My problem is that now I'm getting a Java error when trying to create the dataframe:
## Create new SQL Context.
from pyspark.sql import SQLContext
from pyspark.sql import DataFrame
from pyspark.sql import Window
from pyspark.sql.types import *
import pyspark.sql.functions as func
sqlContext = HiveContext(sc)
After this I read my data into an RDD, and create the schema for my DF.
## After loading the data we define the schema.
fields = [StructField(field_name, StringType(), True) for field_name in data_header]
schema = StructType(fields)
Now, when I try to build the DF this is the error I get:
## Build the DF.
data_df = sqlContext.createDataFrame(data_tmp, schema)

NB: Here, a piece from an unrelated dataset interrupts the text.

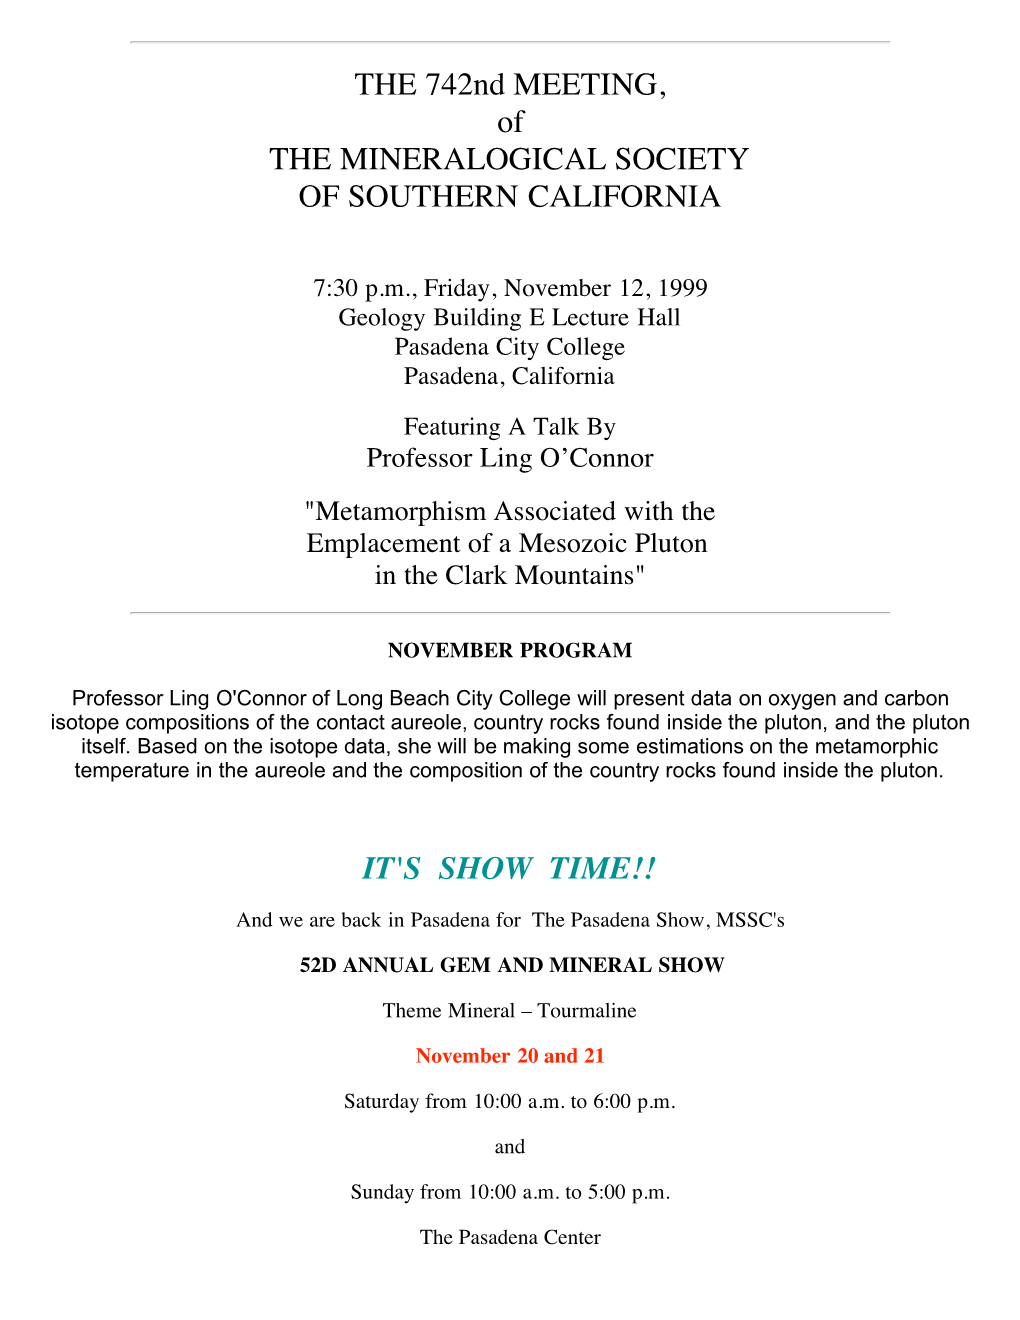 THE 742Nd MEETING, of the MINERALOGICAL SOCIETY of SOUTHERN CALIFORNIA

---------------------------------------------------------------------------
TypeError Traceback (most recent call last)
...
/home/scala/spark-1.6.1/python/pyspark/sql/context.pyc in _get_hive_ctx(self)
690
691 def _get_hive_ctx(self):
--> 692 return self._jvm.HiveContext(self._jsc.sc())
693
694 def refreshTable(self, tableName):
TypeError: 'JavaPackage' object is not callable
I have been googling it without luck so far. Any advice is greatly appreciated.
HiveContext
requires binaries build with Hive support. It means you have to enable Hive profile. Since you use sbt assembly
you need at least:
sbt -Phive assembly
The same is required when building with Maven, for example:
mvn -Phive -DskipTests clean package